More Excuses

So I planned on typing something tonight – honest I did!

But when my four year old daughter asked me if I would lay down and help her fall to sleep well…chalk one up for a cop out!

There’s no guilt here though – I know what’s more important!

Tech Support & Medical Support

I met my new doctor today. She seems like a nice woman, seems actually interested and or concerned with my well-being.  This is a stark contrast to the treatment I’ve gotten from my randomly assigned doctor over the last eight months. I stuck with him because I didn’t realize the process for changing doctors within Kaiser was so….easy.

I think I projected too much of my past experiences with tech support (being an IT guy) into my expectations.  When dealing with tech support at Cisco, Juniper, HP, Checkpoint, etc. you typically have to deal with whomever you get randomly assigned.  At a bare minimum you usually have to go through the motions answering their Level 1, 2, 3, etc questions before you get the poor sap to realize you know more than they do and they should just pass the ticket onto an engineer. So I was thinking I had to put up with what I got.
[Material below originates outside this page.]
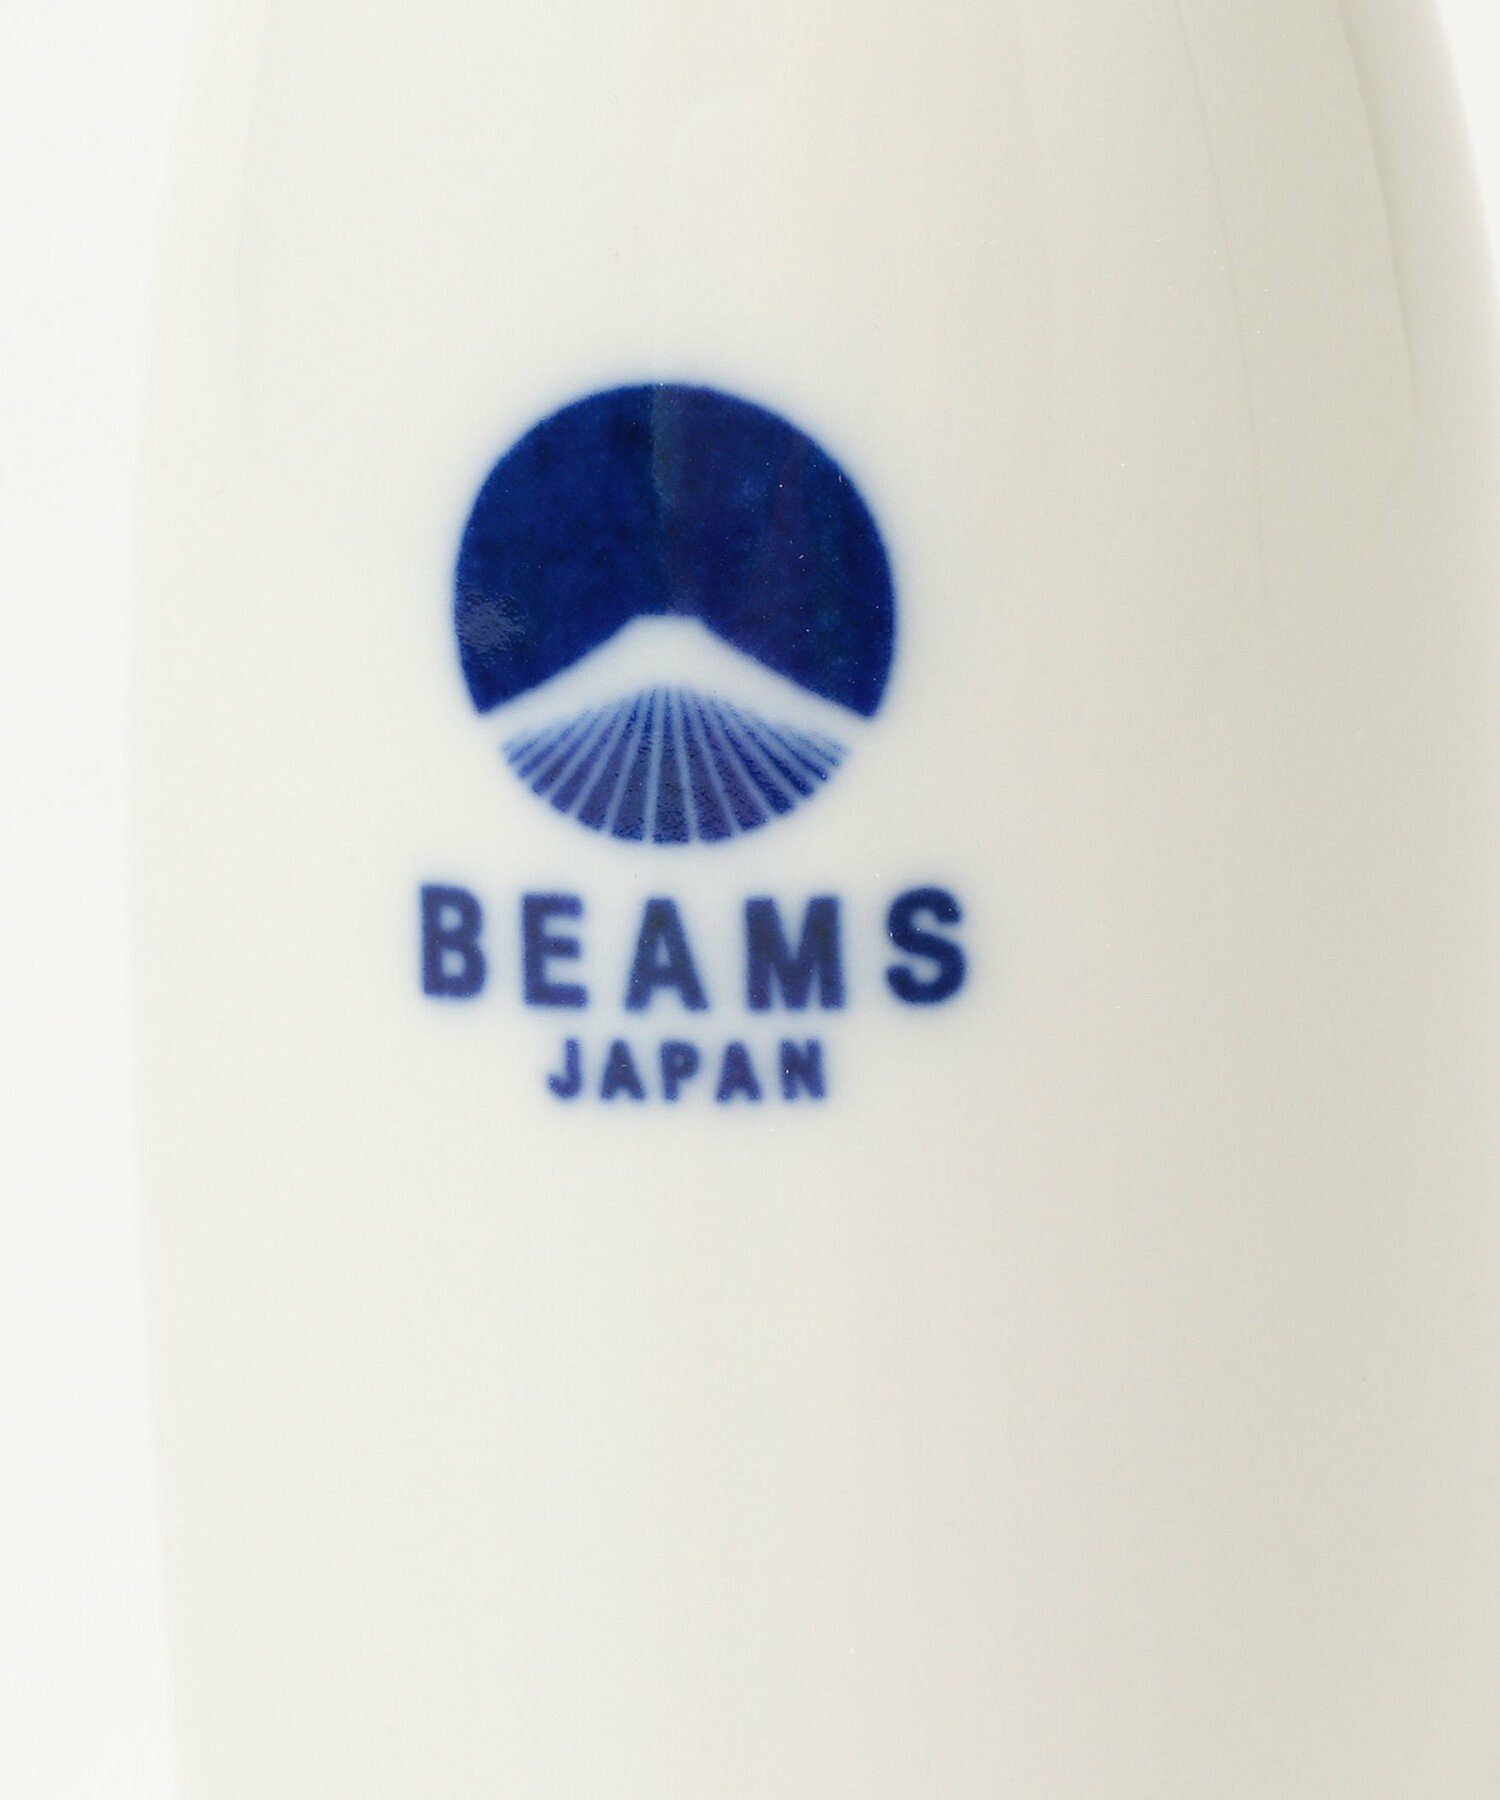 BEAMS JAPAN / ビームス ジャパン ロゴ 徳利 一合

It took a while for me to realize that I don’t have to deal with it. This is not some contractual relationship between to organizations concerning the proper arrangement of binary data and electrons, this is my freakin’ health.
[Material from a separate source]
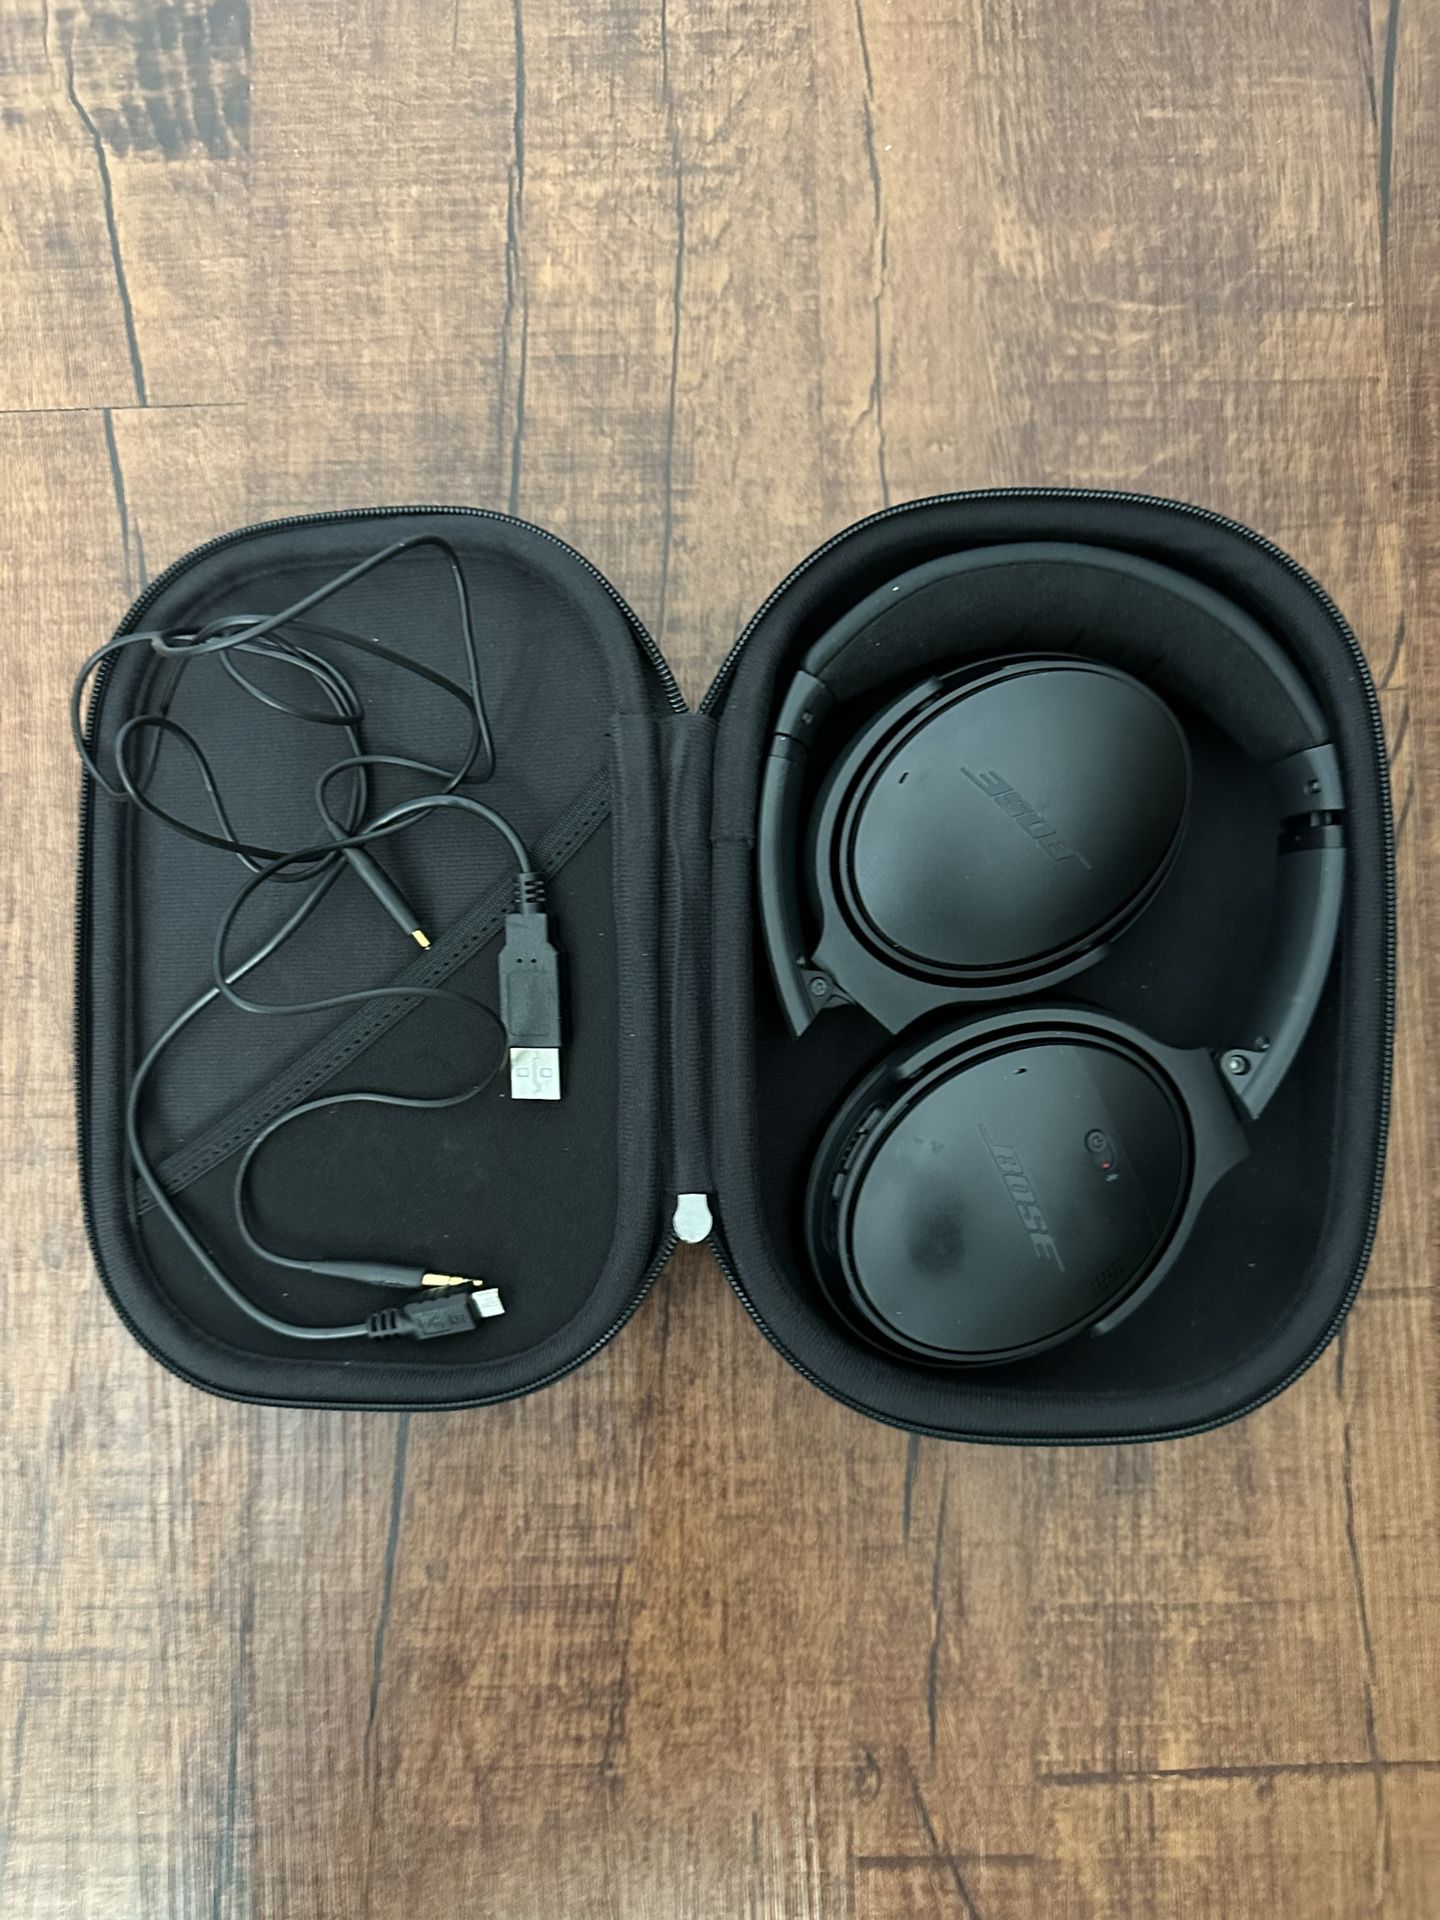 Bose Quiet Comfort 35 II Headphones (wireless)

So I finally called and asked how to change doctors…and well…it’s as easy as logging into a website and picking a new doctor.  While I was reviewing the doctors that were on the “open” list I realized a significant number of them had names I couldn’t pronounce.  I’m not questioning their medical capabilities – I have no reason to believe they are anything other than qualified. What I did question however was my ability to effectively communicate my issues and concerns to them through the communication barrier.  I deal with it enough at work to know that when I am in the middle of a problem – I don’t need to be repeating myself or what I think they are saying.  Ten or so years ago I had an outage with a mission critical piece of hardware. The individual who answered the phone had a Pan-Asian accent and was very difficult to understand.  He told me his name was Nick. I wasn’t in the mood, I asked him what his real name was, he told me Nick. This happened a couple more times until I said something along the lines of “your name is not Nick, it’s Sanjay, or Sandeep, or something like that – WHAT IS YOUR NAME?!” He replied something that was 14 letters long and I would never have been able to pronounce it…hence…Nick.  Anyways I told him that I had a problem – it wasn’t his fault, I’m sure he was a perfectly competent engineer – but I needed someone who spoke english as a native language because I had a major outage, it was 3am and I need it fixed…he got Steve.

I don’t want that with my doctor – I don’t want Nick – I want Steve or Jane and I got Jane.

Hopefully the next few weeks will present me with a more positive outlook on the medical industry.  Regardless of how it turns out I at least know now that I can change my doctor again if need be =)

Week Four Wrap Up

Been the least productive week so far – at least from an entertainment writing perspective.

On the flipside this week I did my first prompt based story and did some significant work on another story I am thinking about submitting to Writer’s Digest annual competition. It’s got a deadline and I work way better with deadlines.

Also the week I found Writing.com.  I’ve read a few of the stories there – but I don’t have enough of a comfort level yet to review any.  I found it interesting that their system sent me an automated prompt telling me it’s been a few days since I stopped by.  The computer’s lookin’ out for me!